If you currently have a property under the terms of a mortgage, it can be tempting to look into refinancing your mortgage in the pursuit of favourable terms.
However, before you decide to make any borrowing commitments, it is important to take advantage of all the remortgage advice you have access to and do as much research as you can, from the plans and options available to the current Bank of England rate to ensure you get the best deal.
Remortgaging is when you pay off one mortgage with another, typically under better terms that can reduce your monthly payments.
Here are some top tips when deciding on a remortgage plan:
Check Your Credit Rating
Your credit rating is the way most mortgage providers will determine if you are a suitable candidate, as it highlights how likely you are to pay off debts.
The way to boost your credit score if you have had issues before or do not have any debt is to prove you are capable of paying recurring payments and debts.
Check your credit score, look into what factors have affected it and you will be more aware of what remortgage options are available to you.
Whilst your current provider is likely to give you remortgaging options, you can also go to another building society or bank to find another option, or use a broker to find the best deal you can.

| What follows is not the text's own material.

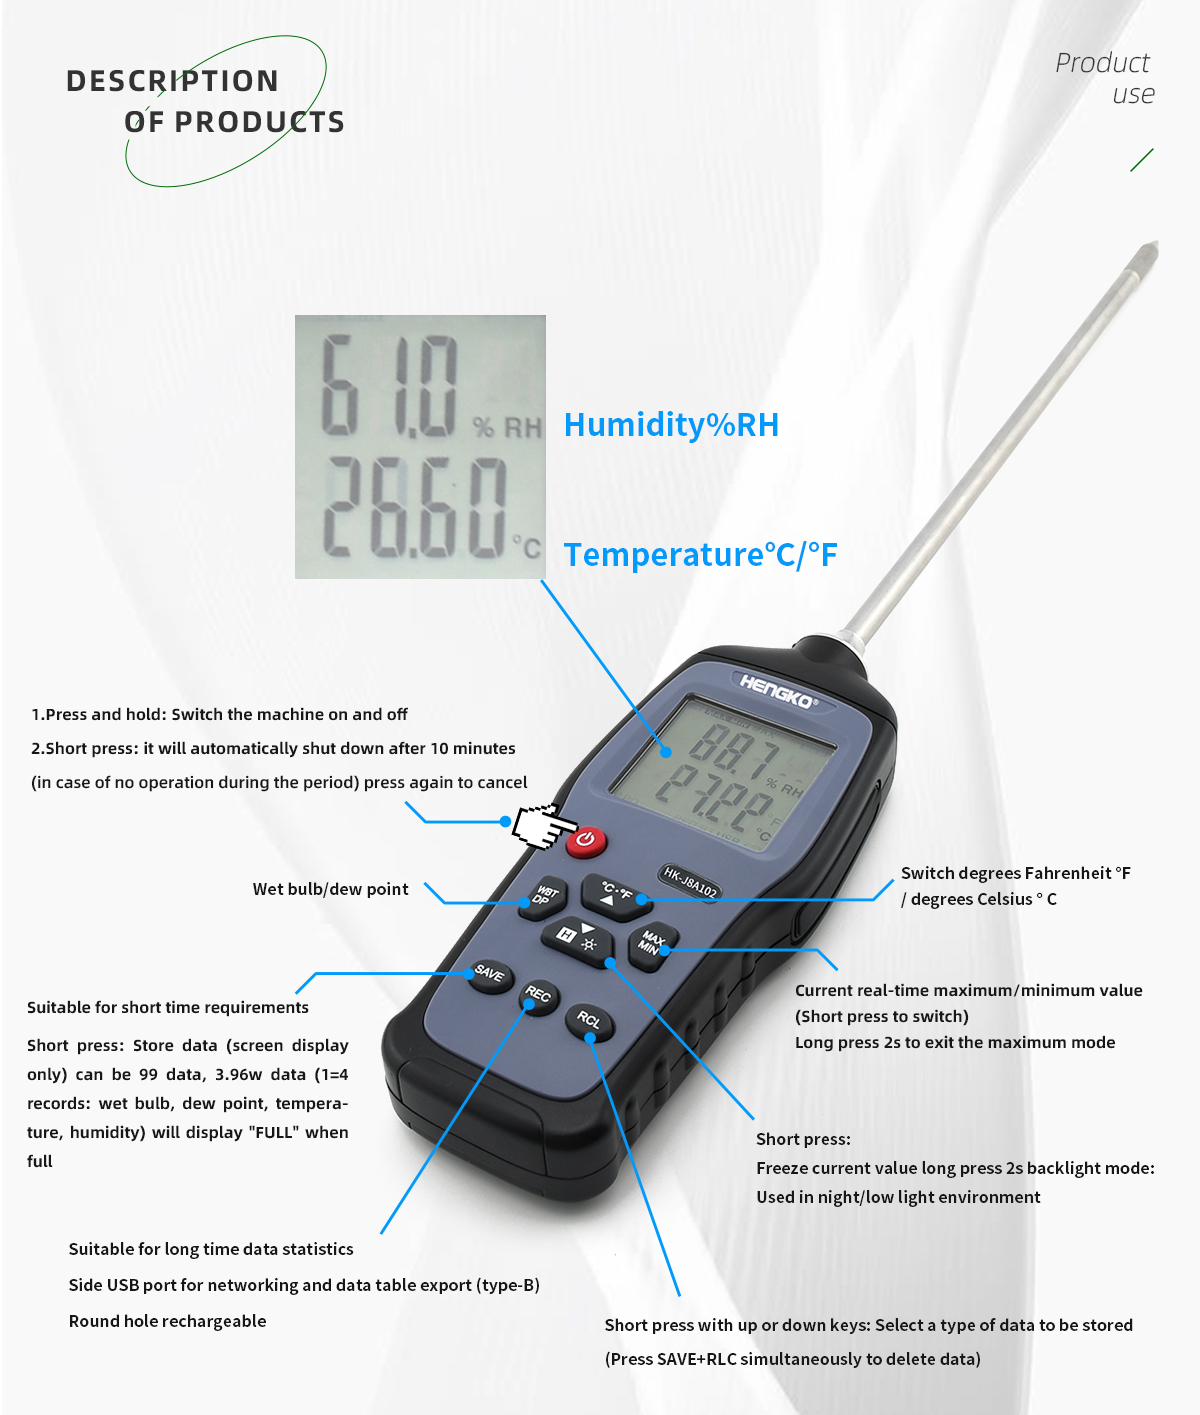 hg970handheld temperature and humidity meter instrution

Be prepared to take some time to find the best choice, and do not commit unless you feel you have the best deal possible, as it could be costly to change course.
Do Not Commit Too Early
Multiple loan or mortgage applications can have a negative effect on your credit score, so do not fill in an application without being fully ready to commit.
Look for lenders that offer an Agreement In Principle, which isn’t an actual application but gives you an idea if you are likely to be accepted if you did apply.
Check Your Fine Print
Check the terms of your current mortgage, as there may be unexpected expenses associated with getting a remortgage.
The most common example of this is early repayment charges which can be levied when you remortgage, but other charges are possible if you, for example, move to another lender.
Make sure you know that you would actually save money with your remortgage under these terms before you apply and seek professional advice on any contract you are set to sign.
Check Your Loan-To-Value And Try To Lower It
Your loan-to-value ratio or LTV is the size of your mortgage compared to the value of the property attached to it.
You can work it out by dividing the amount you owe by the current value of the home, multiplied by 100 to get the percentage.
The lower this figure is, the less risky the remortgage is and the better terms you can get a loan under.
This involves not only checking how much you have already paid on your mortgage but also checking how much your property is worth in case it has changed since you bought it.